Mac Mini M4 patterns benchmark results
Mac Mini M4 patterns benchmark results.

Documentation

  • User Manual - Usage guide with command-line options, best practices, workflows, and detailed examples
  • Technical Specification - System architecture, memory management, low-level ARM64 assembly implementation, benchmark execution flow, system integration, and technical specifications

Known Issues and Limitations

  • Non-cacheable memory limitations:
    The -non-cacheable flag provides cache-discouraging hints, not true non-cacheable memory. This is a fundamental limitation of user-space applications on macOS ARM64:

    • User-space cannot modify page table attributes (requires kernel privileges)
    • User-space cannot set MAIR (Memory Attribute Indirection Register)
    • User-space cannot create truly uncached mappings

    The implementation uses madvise(ptr, size, MADV_RANDOM) to hint that the memory access pattern is random, which may discourage aggressive caching. However, this is a best-effort approach that provides hints to the memory system, not guarantees of cache-bypass behavior.

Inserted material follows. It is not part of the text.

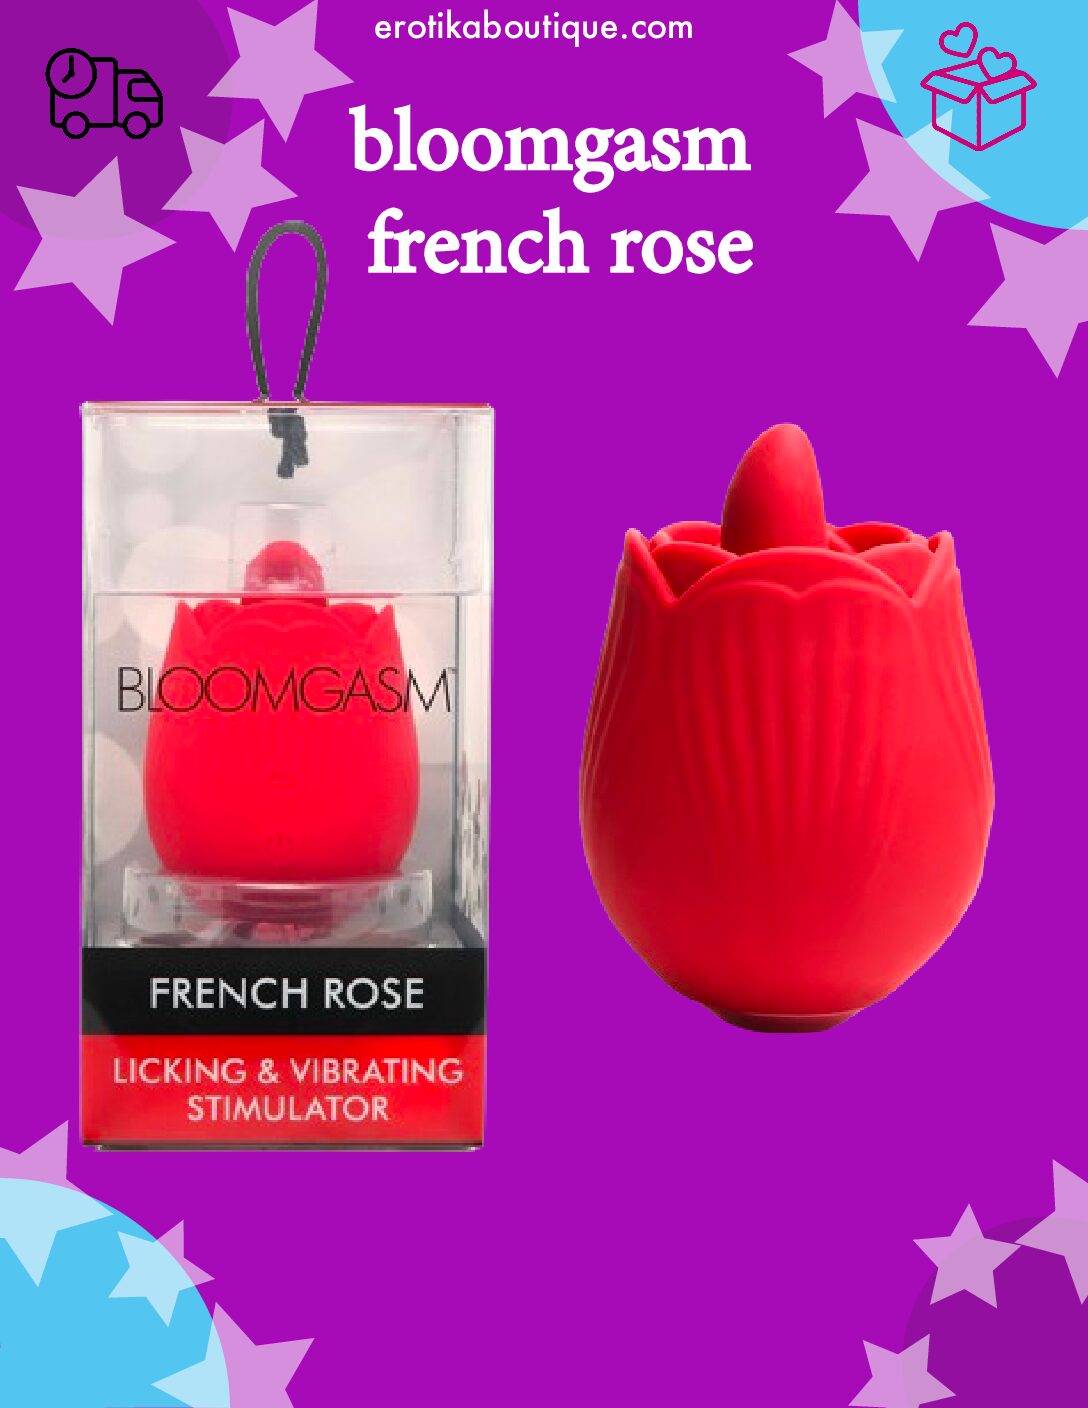 Bloomgasm french rose

    Important: The actual cache behavior will depend on the CPU and kernel implementation. This feature may reduce but not eliminate caching. For true non-cacheable memory, kernel-level modifications would be required, which is not feasible for user-space applications.

  • Small buffer sizes (< 512 MB–1 GB) are cache-dominated:
    When you run the main memory bandwidth or latency tests with small buffer sizes, a significant portion of the accesses can be served from the CPU caches instead of true main memory (DRAM). This is especially true on Apple Silicon, which has large and complex shared caches. As a result, small buffers tend to measure cache performance rather than pure DRAM performance, and may report unrealistically high bandwidth or low latency.

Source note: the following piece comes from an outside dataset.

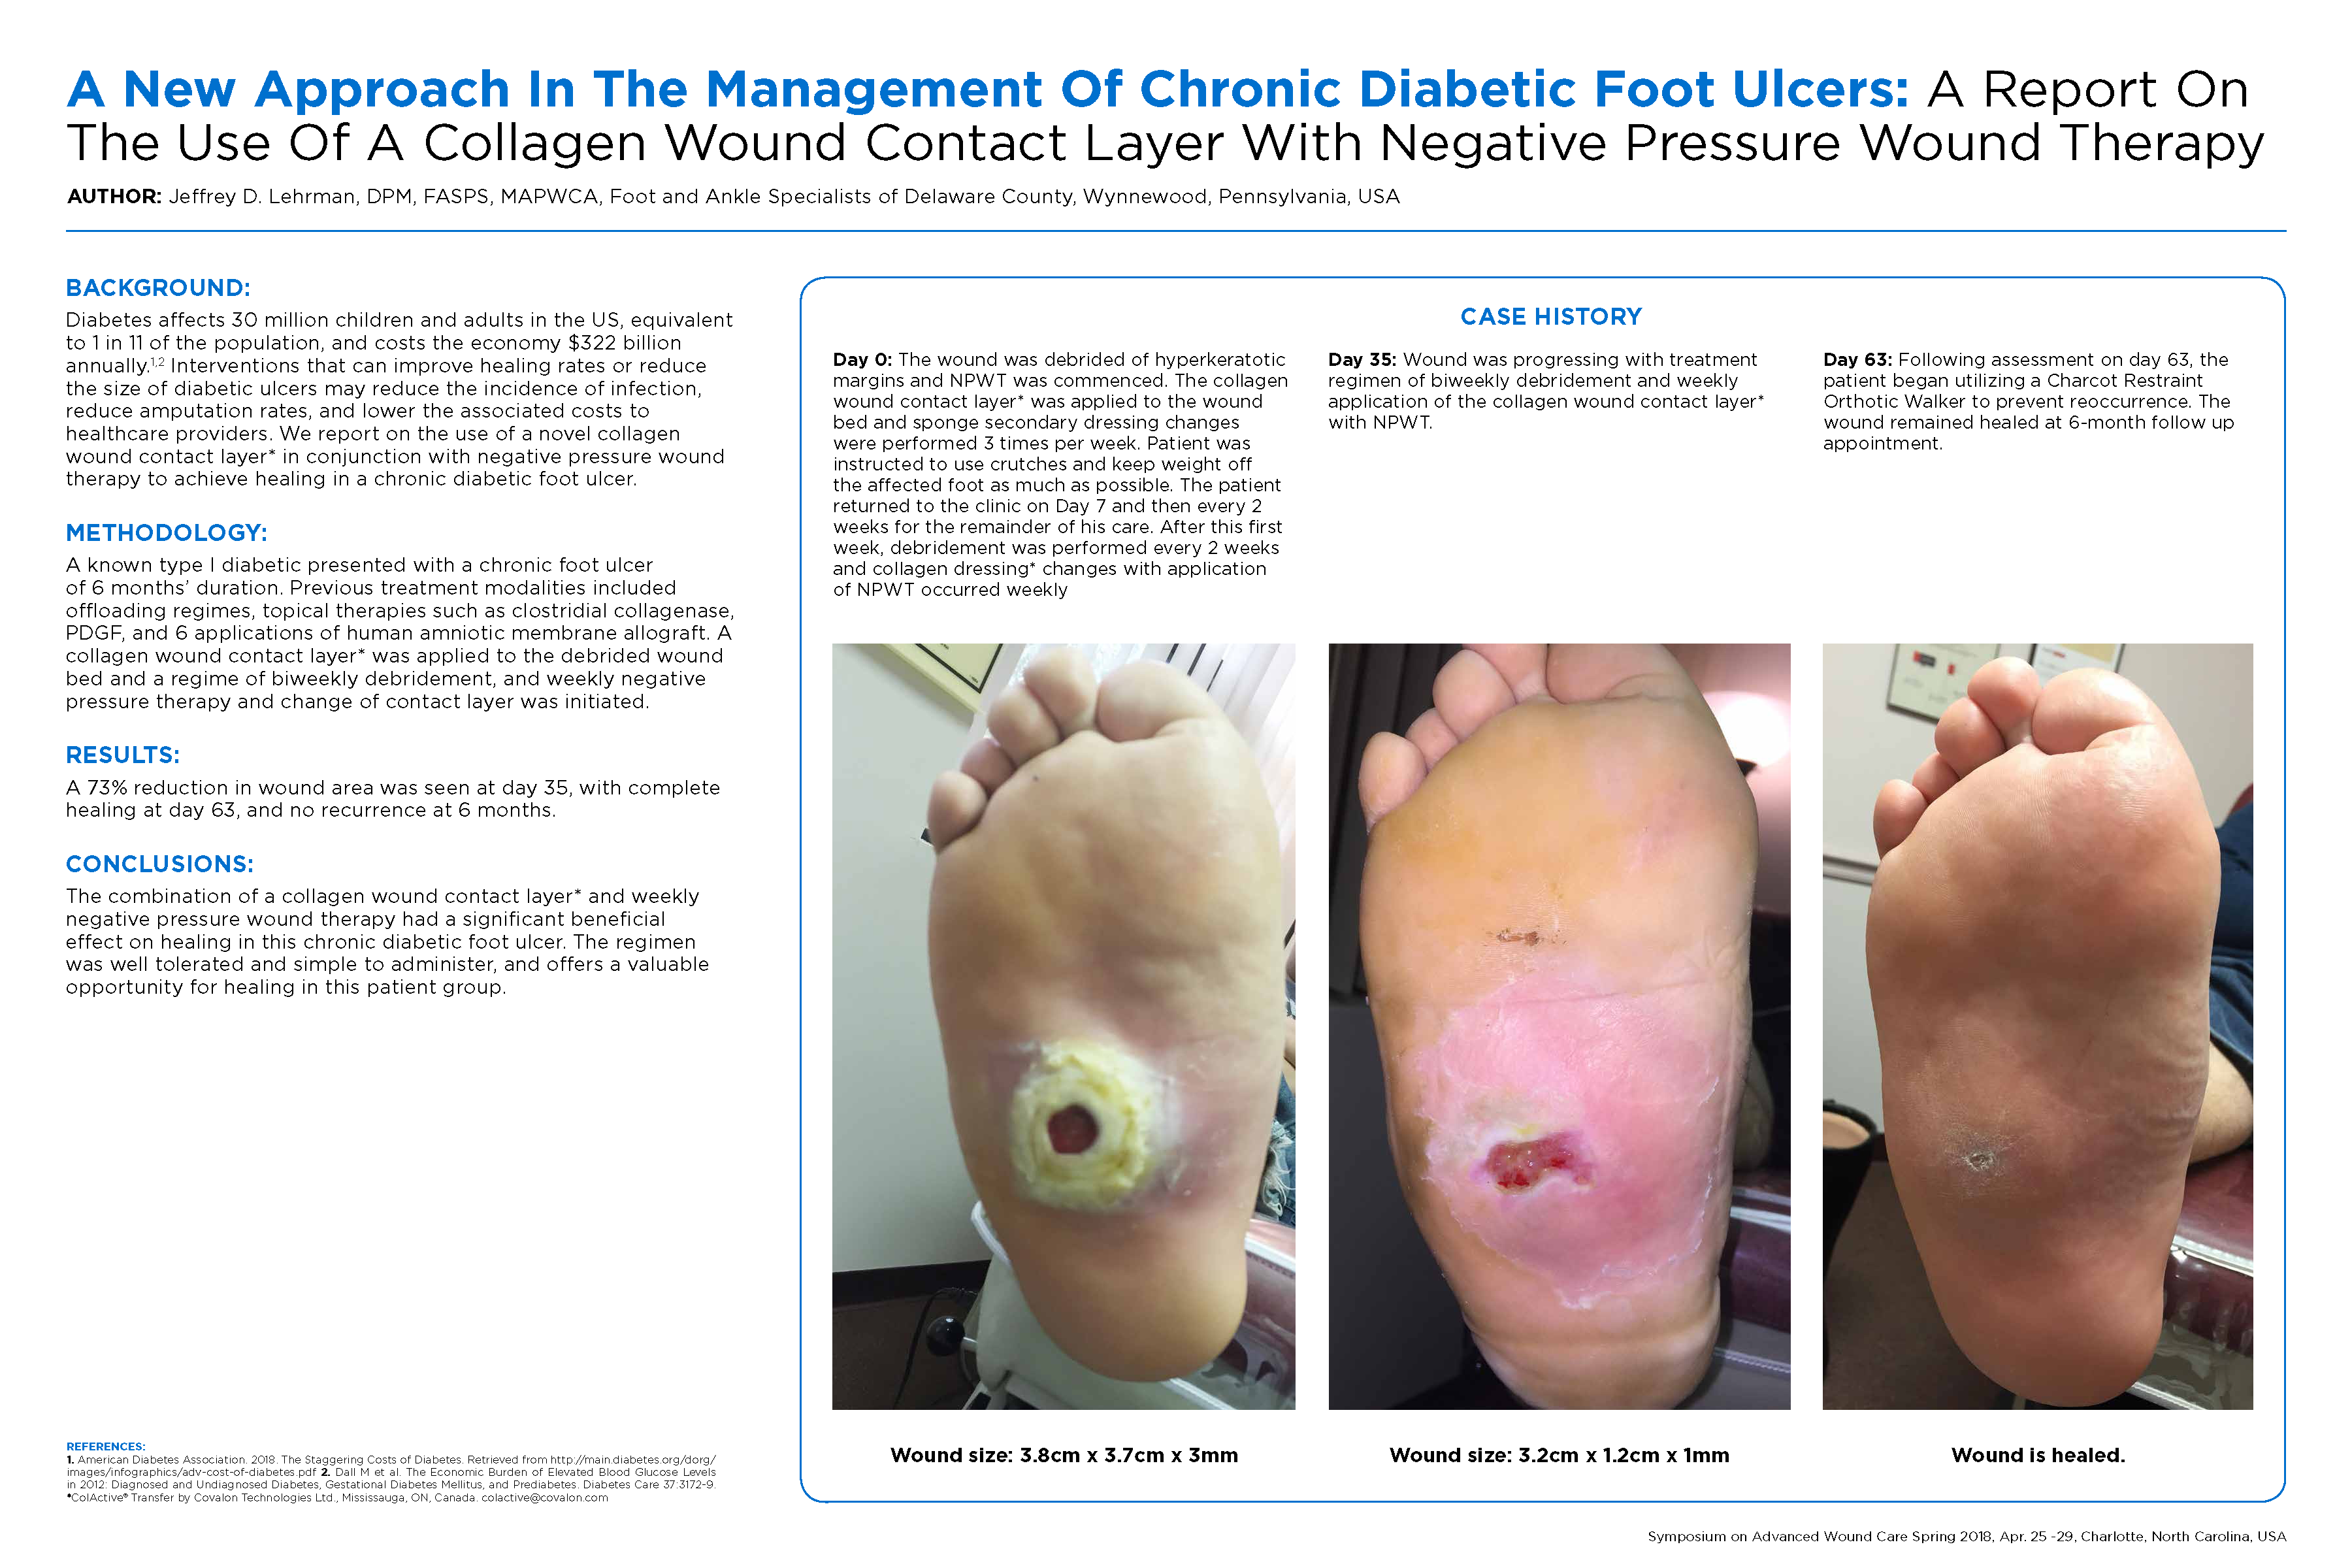 literature review on the management of diabetic foot ulcer

  • No explicit cache flush on Apple Silicon:
    Unlike x86 (CLFLUSH), there is no user-space instruction on Apple Silicon to reliably flush data caches. The benchmark cannot force a “cold cache” state before each measurement; it relies on large buffer sizes and warm-up behavior to approximate steady-state memory behavior.

  • Recommendation:
    For more realistic main memory measurements, prefer buffer sizes in the range of 512 MB–1 GB (or larger, if RAM allows). Smaller values are still useful to study cache behavior, but they should not be interpreted as pure main memory bandwidth/latency.